9. The bipolar all solid-state battery of claim 8, wherein the insulation film includes one selected from the group consisting of polyimide (Pl), polyethylene (PE) and polypropylene (PP).

10. The bipolar all solid-state battery of claim 8, wherein the insulation film includes a throughhole formed therein to expose the first current collector and the second current collector being in surface contact.

11. The bipolar all solid-state battery of claim 8, wherein the insulation film includes styrene butadiene rubber (SBR) coated on at least one of its top and bottom surfaces to then be attached to at least one of the first current collector and the second current collector.

12. The bipolar all solid-state battery of claim 1, wherein surface treatment is performed on at least one of the second surface of the first current collector and the second surface of the second current collector.

13. A bipolar all solid-state battery comprising a unit cell including:

a bipolar current collector having a first surface and a second surface opposite to the first surface;

a first active material coated on the first surface of the bipolar current collector;

a second active material coated on the second surface of the bipolar current collector; and

wherein the second active material is formed by attaching a lithium foil to the second surface of the bipolar current collector.

14. The bipolar all solid-state battery of claim 13, wherein the bipolar current collector is made of stainless steel (SUS), nickel, a nickel alloy or a clad metal of aluminum and copper.

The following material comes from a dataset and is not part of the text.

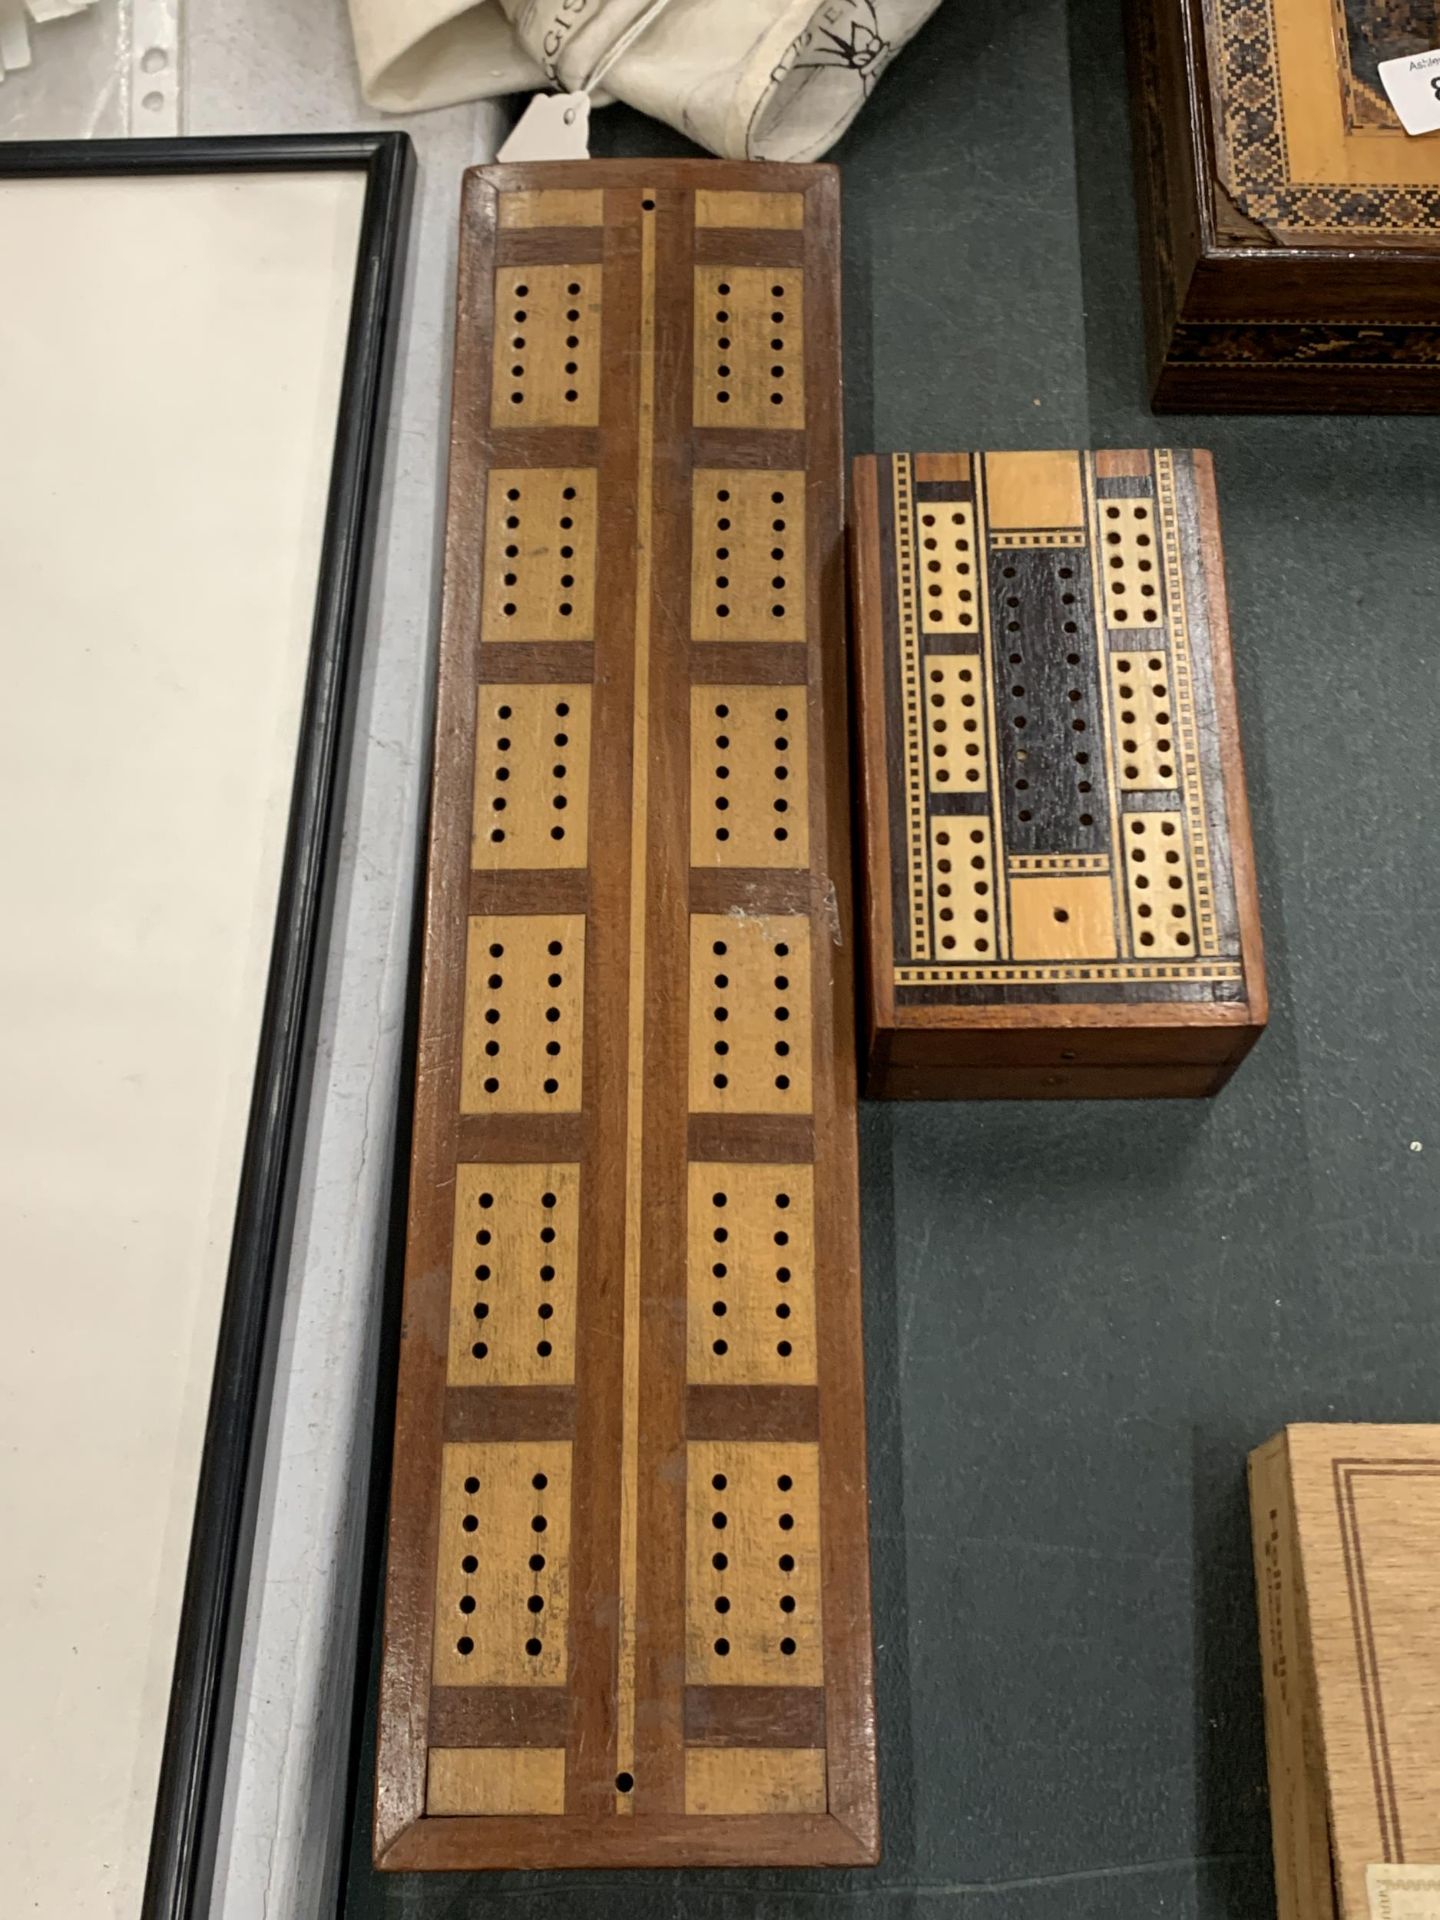 TWO CRIBBAGE BOARDS

15. The bipolar all solid-state battery of claim 13, wherein the first active material is configured to have a larger area than the second active material.

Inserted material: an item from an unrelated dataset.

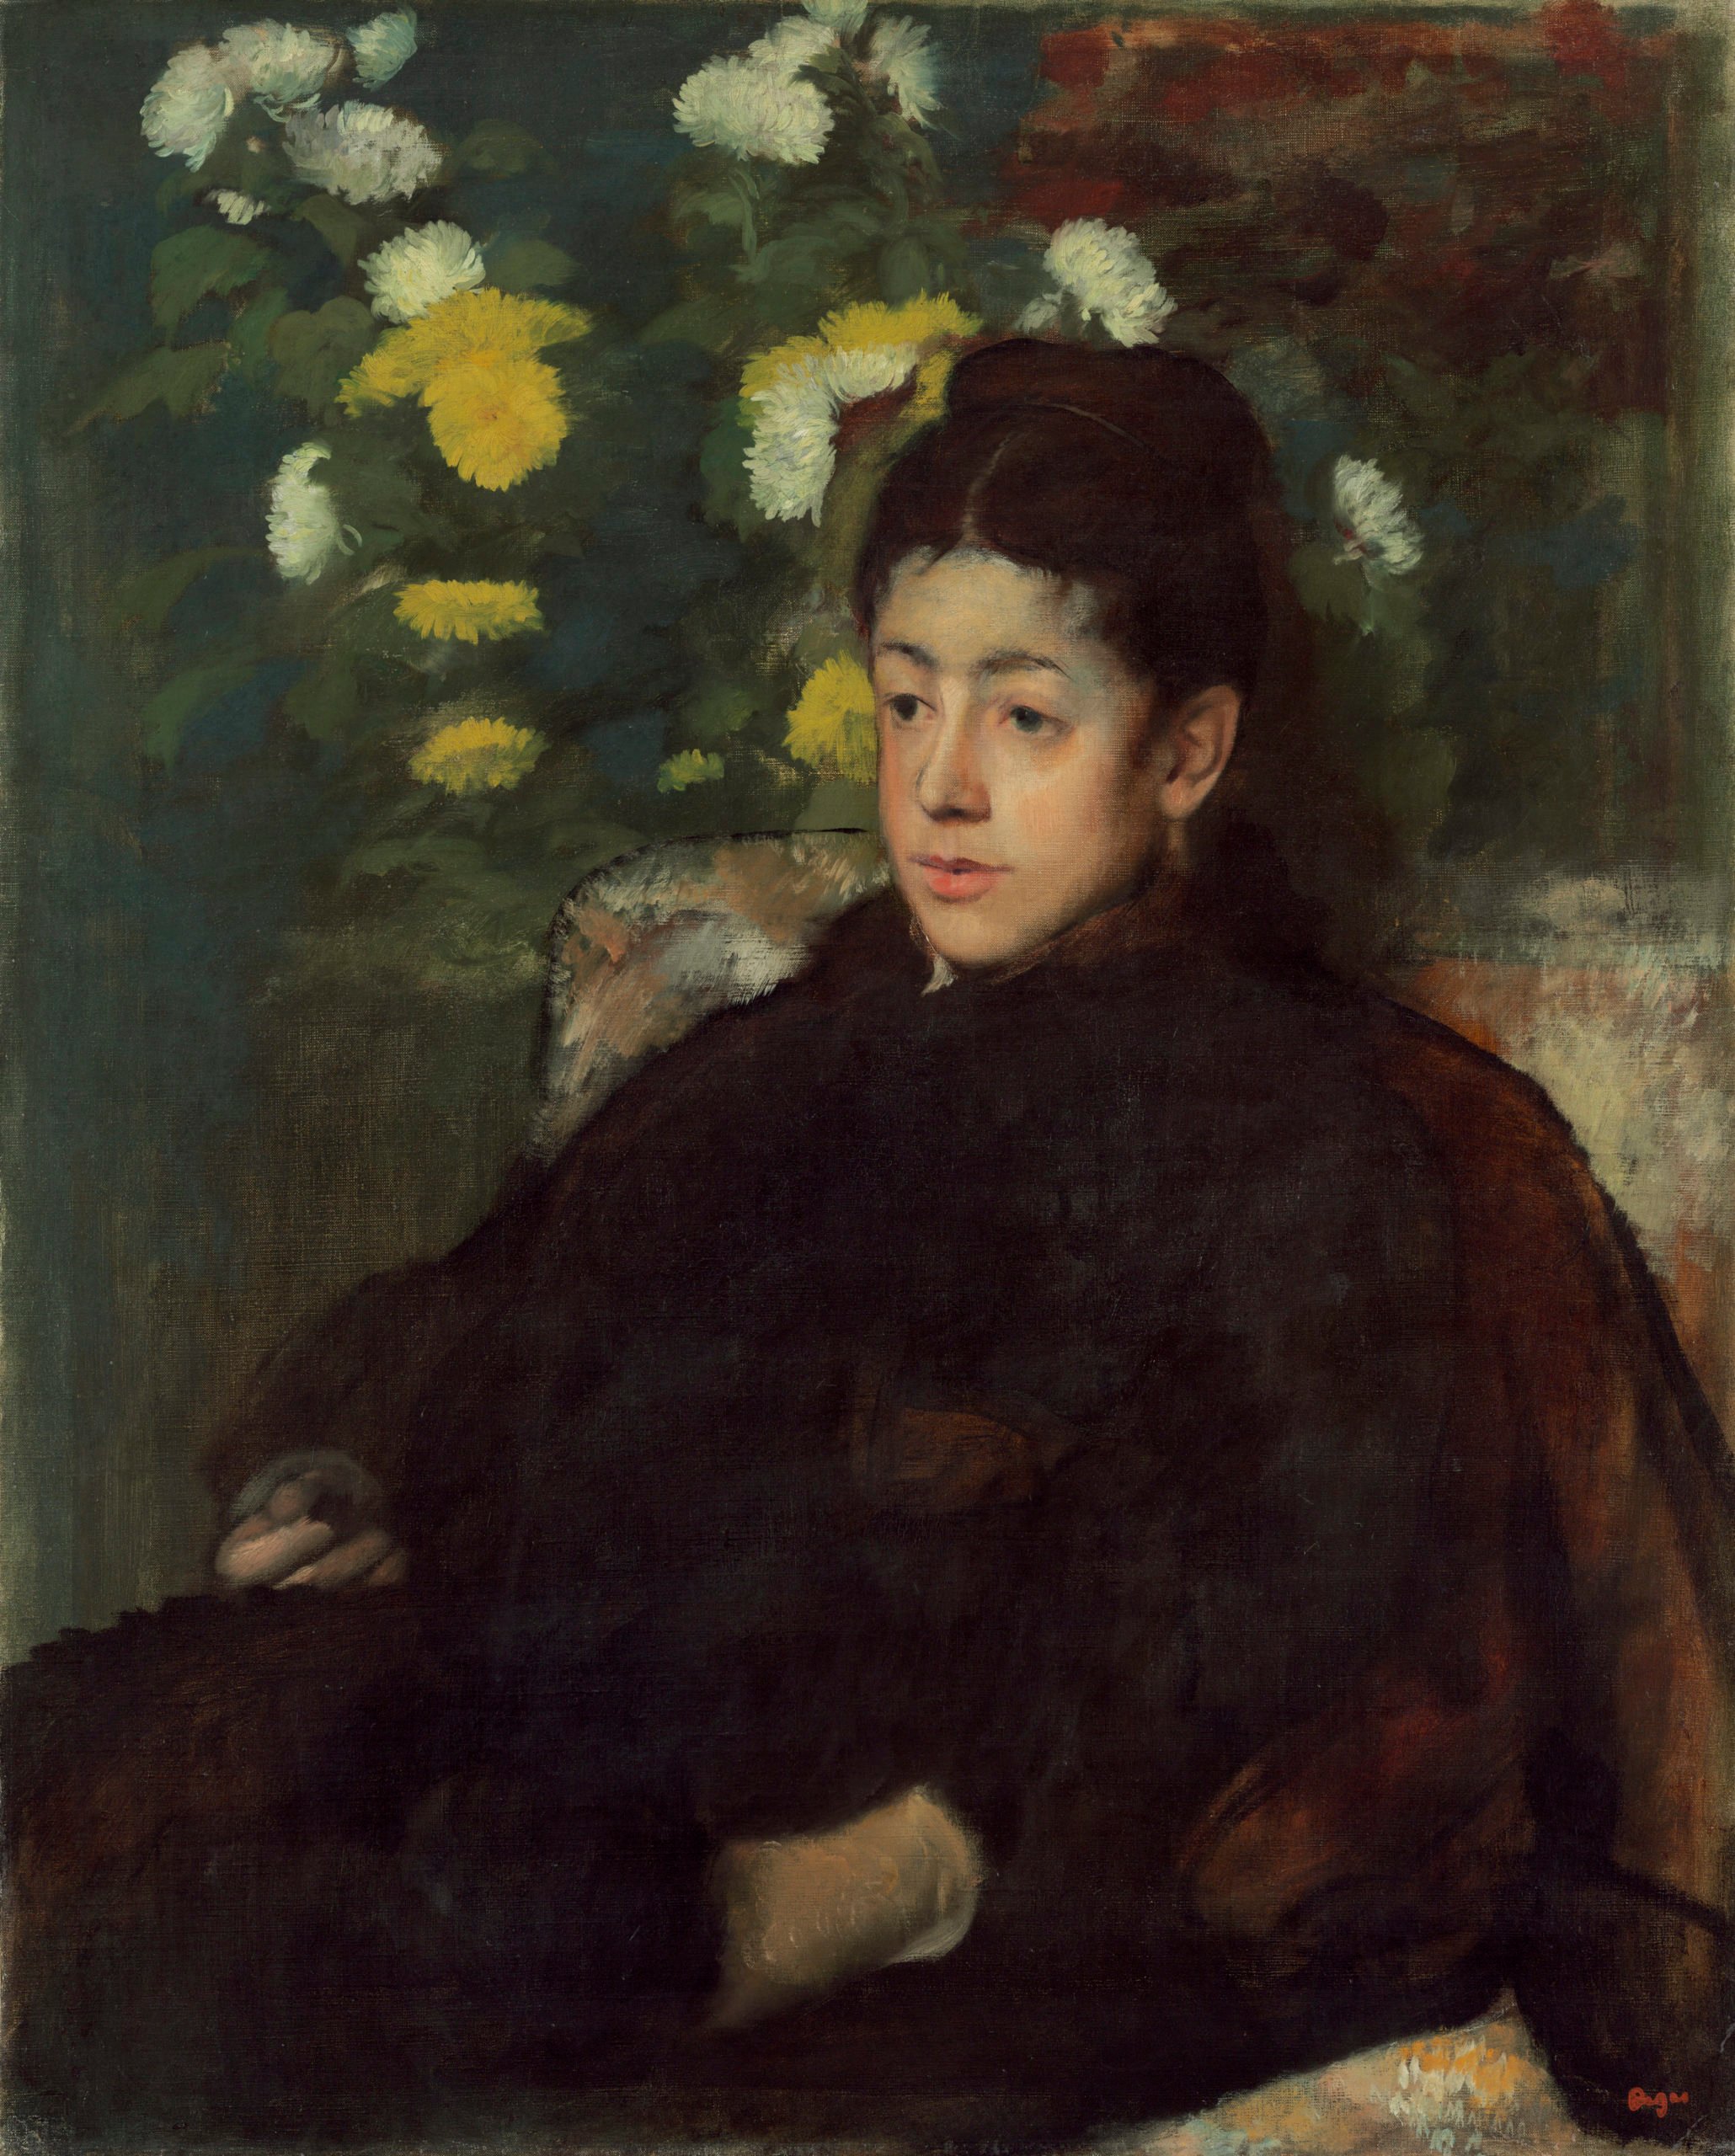 “Mademoiselle Malo” by Degas courtesy of National Gallery of Art, Chester Dale Collection

16. The bipolar all solid-state battery of claim 13, wherein the all solid-state electrolyte is configured to have a larger area than the first and second active materials.

17. The bipolar all solid-state battery of claim 13, further comprising an insulation film formed on a top surface of the bipolar current collector to surround the second active material.

18. The bipolar all solid-state battery of claim 17, wherein the insulation film includes one selected from the group consisting of polyimide (Pl), polyethylene (PE) and polypropylene (PP).

19. A method of manufacturing a bipolar all solid-state battery, the method comprising:

providing a bipolar current collector structure by winding the bipolar current collector on a roll, the bipolar current collector including a first active material formed on its first surface and a second active material formed on its second surface;

providing an all solid-state electrolyte structure by winding the all solid-state electrolyte on a separate roll to; and

supplying the bipolar current collector structure and the all solid-state electrolyte structure between two rotating rollers and compressing the supplied structures using the rollers.

20. The method of claim 19, wherein the second active material is formed by attaching a lithium foil to the second surface of the bipolar current collector.